I think the terms "AI Alignment" and "AI existential safety" are often used interchangeably, leading the ideas to be conflated.
In practice, I think "AI Alignment" is mostly used in one of the following three ways, and should be used exclusively for Intent Alignment (with some vagueness about whose intent, e.g. designer vs. user):
1) AI Alignment = How to get AI systems to do what we want
2) AI Alignment = How to get AI systems to try to do what we want
3) AI Alignment = A rebranding of “AI (existential) safety”... A community of people trying to reduce the chance of AI leading to premature human extinction.
The problem with (1) is that it is too broad, and invites the response: "Isn't that what most/all AI research is about?"
The problem with (3) is that it suggests that (Intent) Alignment is the one-and-only way to increase AI existential safety.
Some reasons not to conflate (2) and (3):
- The case that increasing (intent) alignment increases x-safety seems much weaker on the margin than in the limit; the main effect of a moderate increase in intent alignment might simply be a large increase in demand for AI.
- Even perfect intent alignment doesn't necessarily result in a safe outcome; e.g. if everyone woke up 1000000x smarter tomorrow, the world might end by noon.
- X-safety can be increased through non-technical means, e.g. governance/coordination.
- EtA: x-safety can be increased through technical work other than alignment, e.g. assurance methods, e.g. value alignment verification.
In my experience, this sloppy use of terminology is common in this community, and leads to incorrect reasoning (if not in those using it than certainly at least sometimes in those hearing/reading it).

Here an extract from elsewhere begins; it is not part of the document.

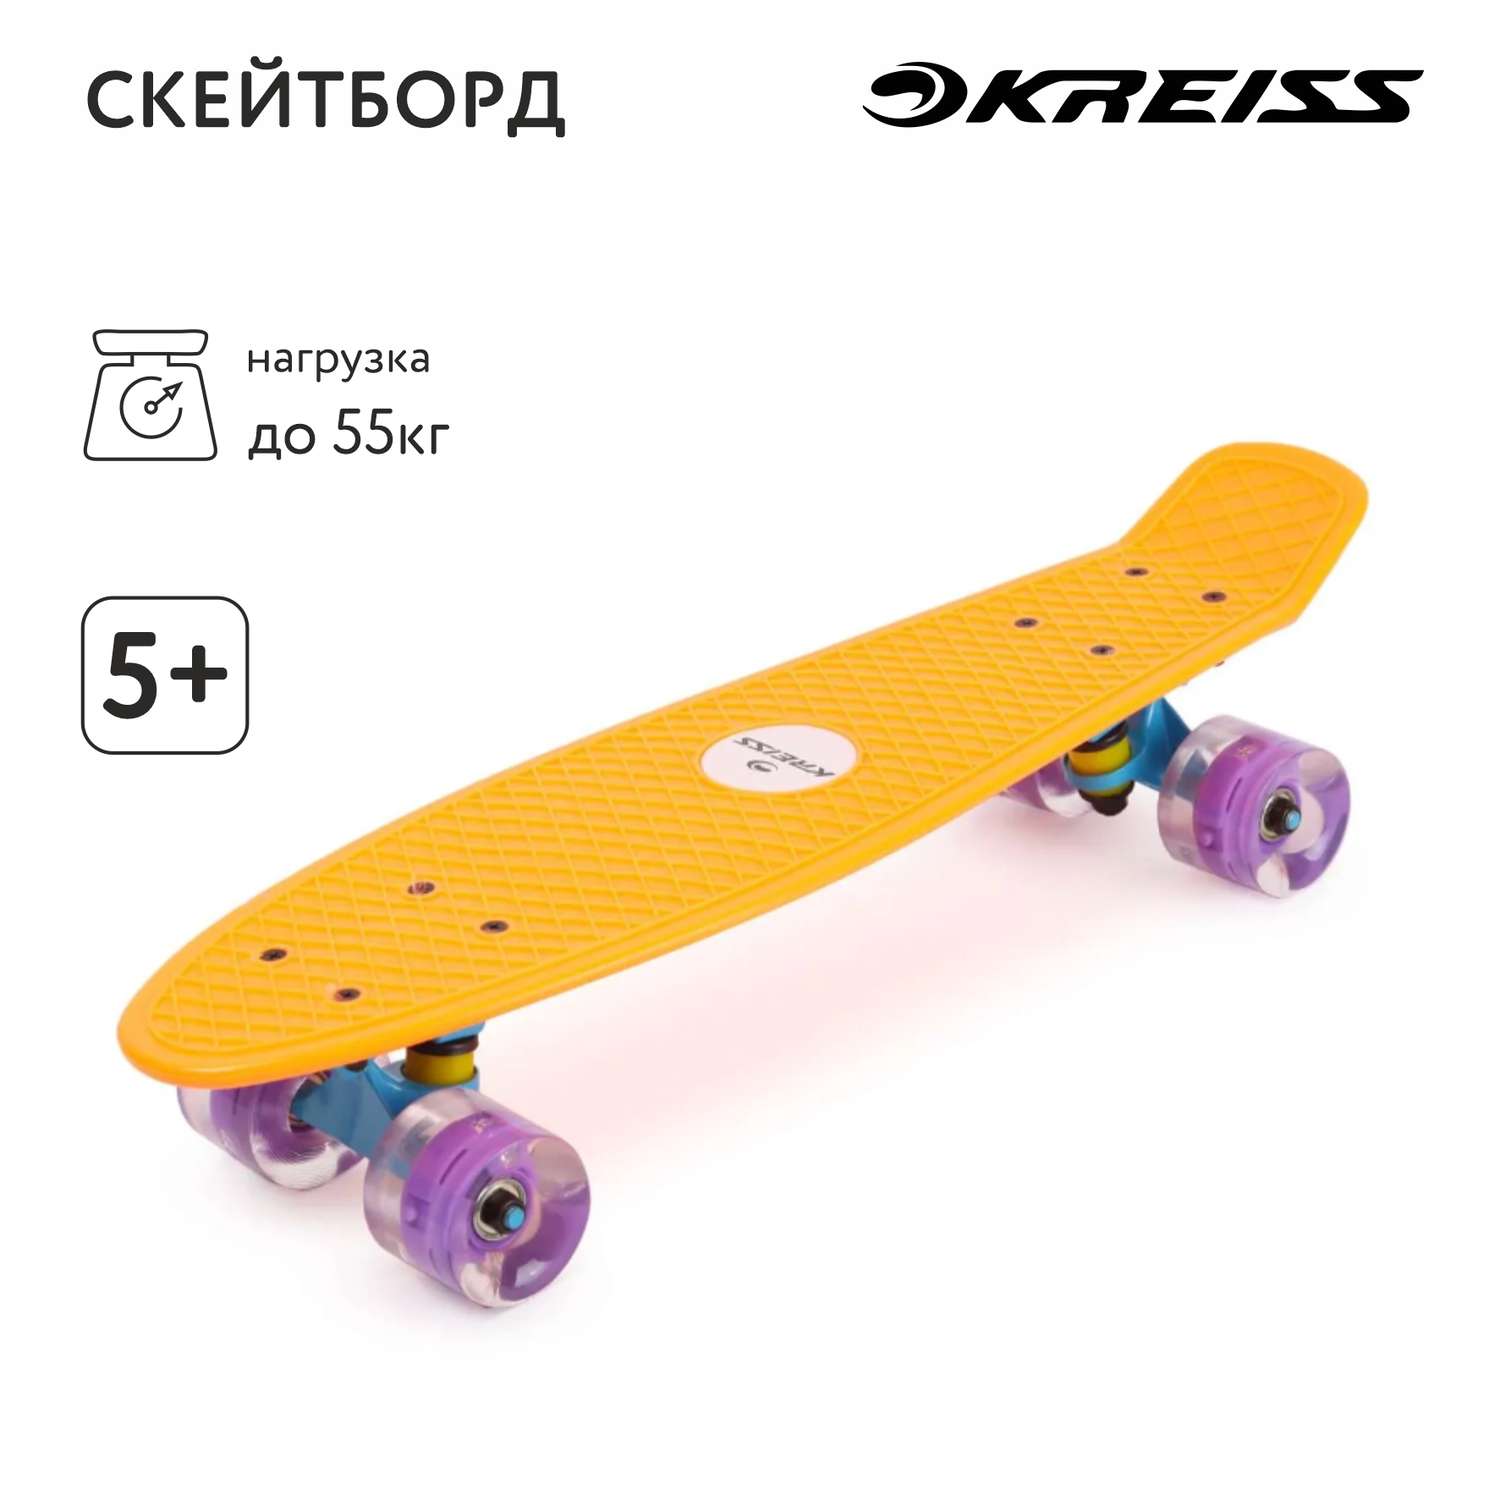 Скейтборд Kreiss Оранжевый HF-SK001-3 - фото 1

EtA: This Tweet and associated paper make a similar point: https://twitter.com/HeidyKhlaaf/status/1634173714055979010
Irving's team's terminology has been "behavioural alignment" for the green box - https://arxiv.org/pdf/2103.14659.pdf
Here are some clearer evidence that broader usages of "AI alignment" were common from the beginning:
(I couldn't find a easy way to view the original 2015 version, but do have a screenshot that I can produce upon request showing a Jan 2017 edit on Arbital that already had this broad definition.)
In the 2017 post Vladimir Slepnev is talking about your AI system having particular goals, isn't that the narrow usage? Why are you citing this here?
I misread the date on the Arbital page (since Arbital itself doesn't have timestamps and it wasn't indexed by the Wayback machine until late 2017) and agree that usage is prior to mine.
Other relevant paragraphs from the Arbital post:
My personal view is that given all of this history and the fact that this forum is named the "AI Alignment Forum", we should not redefine "AI Alignment" to mean the same thing as "Intent Alignment". I feel like to the extent there is confusion/conflation over the terminology, it was mainly due to Paul's (probably unintentional) overloading of "AI alignment" with the new and narrower meaning (in Clarifying “AI Alignment”), and we should fix that error by collectively going back to the original definition, or in some circumstances where the risk of confusion is too great, avoiding "AI alignment" and using some other term like "AI x-safety". (Although there's an issue with "existential risk/safety" as well, because "existential risk/safety" covers problems that aren't literally existential, e.g., where humanity survives but its future potential is greatly curtailed. Man coordination is hard.)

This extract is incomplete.